RESEARCH AND ORIENTATION WORKSHOP ON FORCED MIGRATION
Fifth Annual Research & Orientation Workshop
in
Global Protection of Migrants and Refugees
Kolkata, 16-21 November 2020
Participants
Participants of Module A: Global Protection of Refugees and Migrants with Emphasis on Protection in the Time of a Pandemic
Name & Details of the Participants
Sehal Jain, Research Scholar, University of Rajasthan (Email: [email protected])
Bionote: Sehal Jain is a research scholar with the Department of Political Science, University of Rajasthan Jaipur. She has completed her graduation and post graduation with excellent scholastic records. She graduated from Miranda House, University of Delhi with Honors in Political Science and completed her Masters from Hindu College, University of Delhi. She aspires to be a professor in future and has a keen interest in research and academics. She also has a passion for Social Service and is currently a part of Youth For Seva NGO giving Menstrual Hygiene programmes to girls in government schools.
Kusumika Ghosh, Research and Programme Assistant, CRG (Email: [email protected])
Bionote: Kusumika Ghosh holds a Master degree in Peace and Conflict Studies with the Institute Gold Medal from the Tata Institute of Social Sciences, India.
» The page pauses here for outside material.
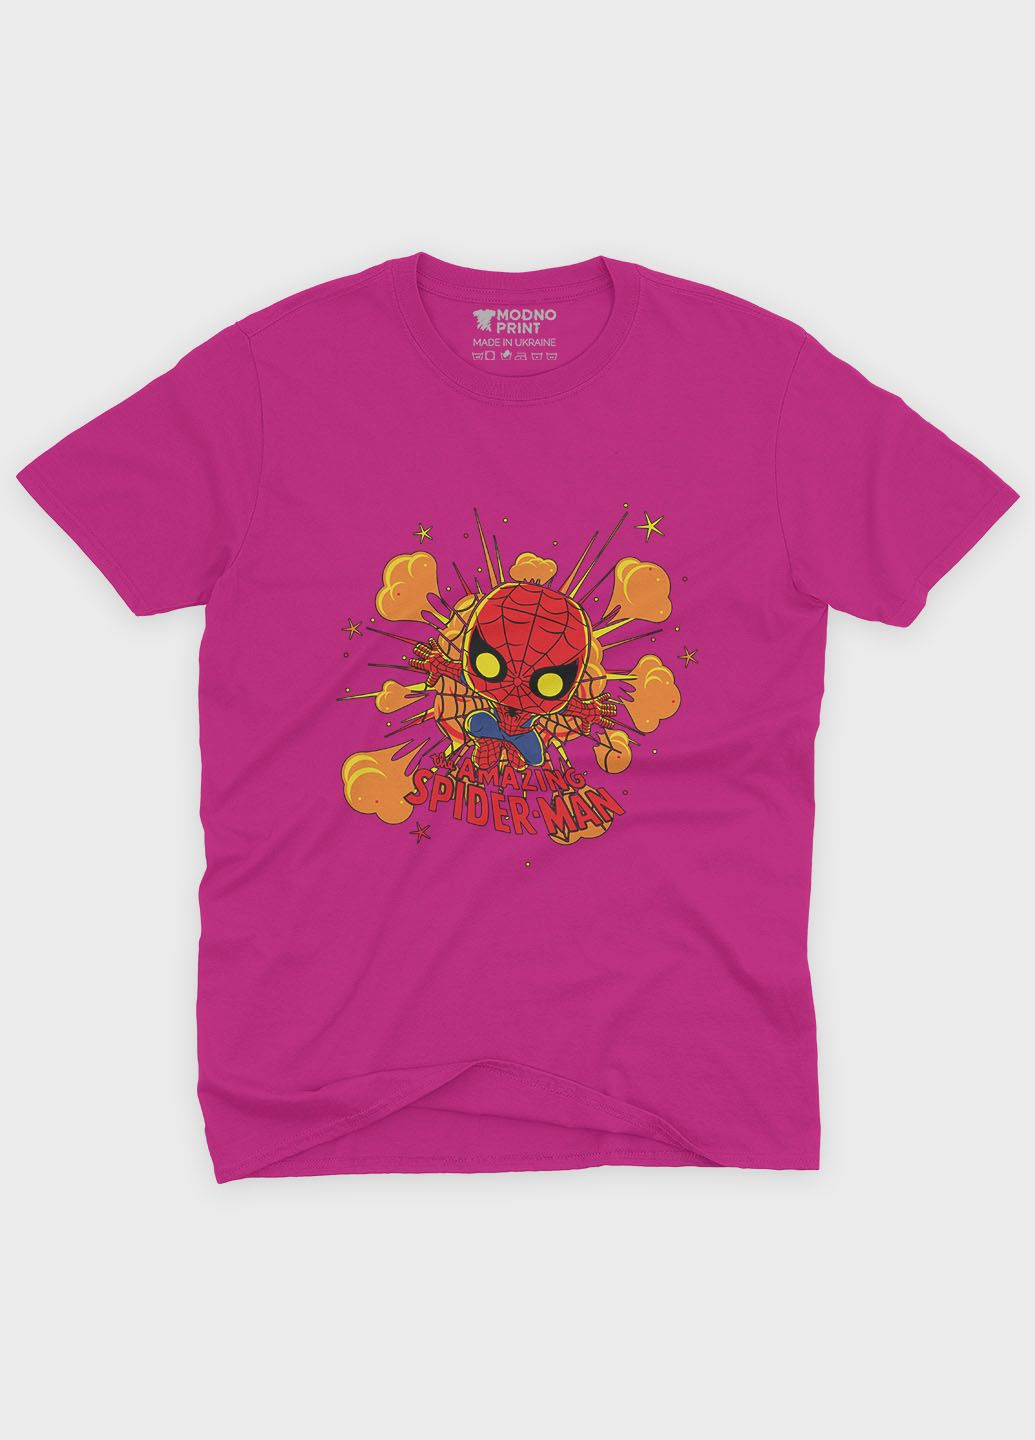 Розовая демисезонная футболка для мальчика с принтом супергероя - человек-паук (ts001-1-fuxj-006-014-056-b) Modno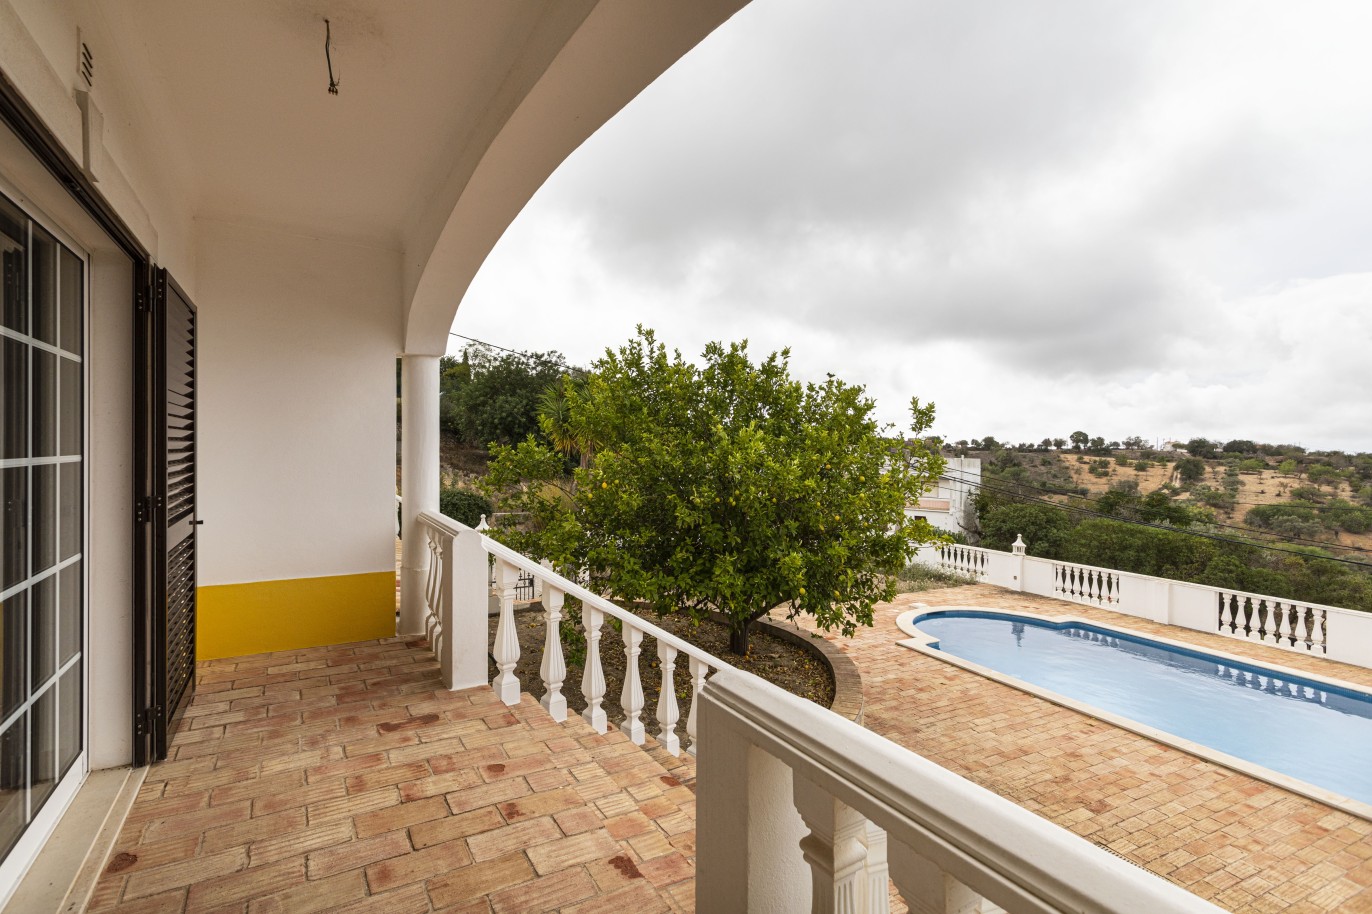 Moradia V4, com piscina, para venda, em Boliqueime, Loulé, Algarve_242648

She will start her doctoral studies at Dublin City University, Ireland in January 2021. Her research interests centre on the issues of gender, citizenship and socio-political implications of the two when combined, particularly in Northeast India. In 2019, she co-authored and published a volume of the Peace Studies Series at the North Eastern Social Research Centre titled Landscape of Conflicts and Peace in the Northeast: the role of Religion. She is currently associated with the Forced Migration Studies desk at Calcutta Research Group as a Research & Programme Assistant.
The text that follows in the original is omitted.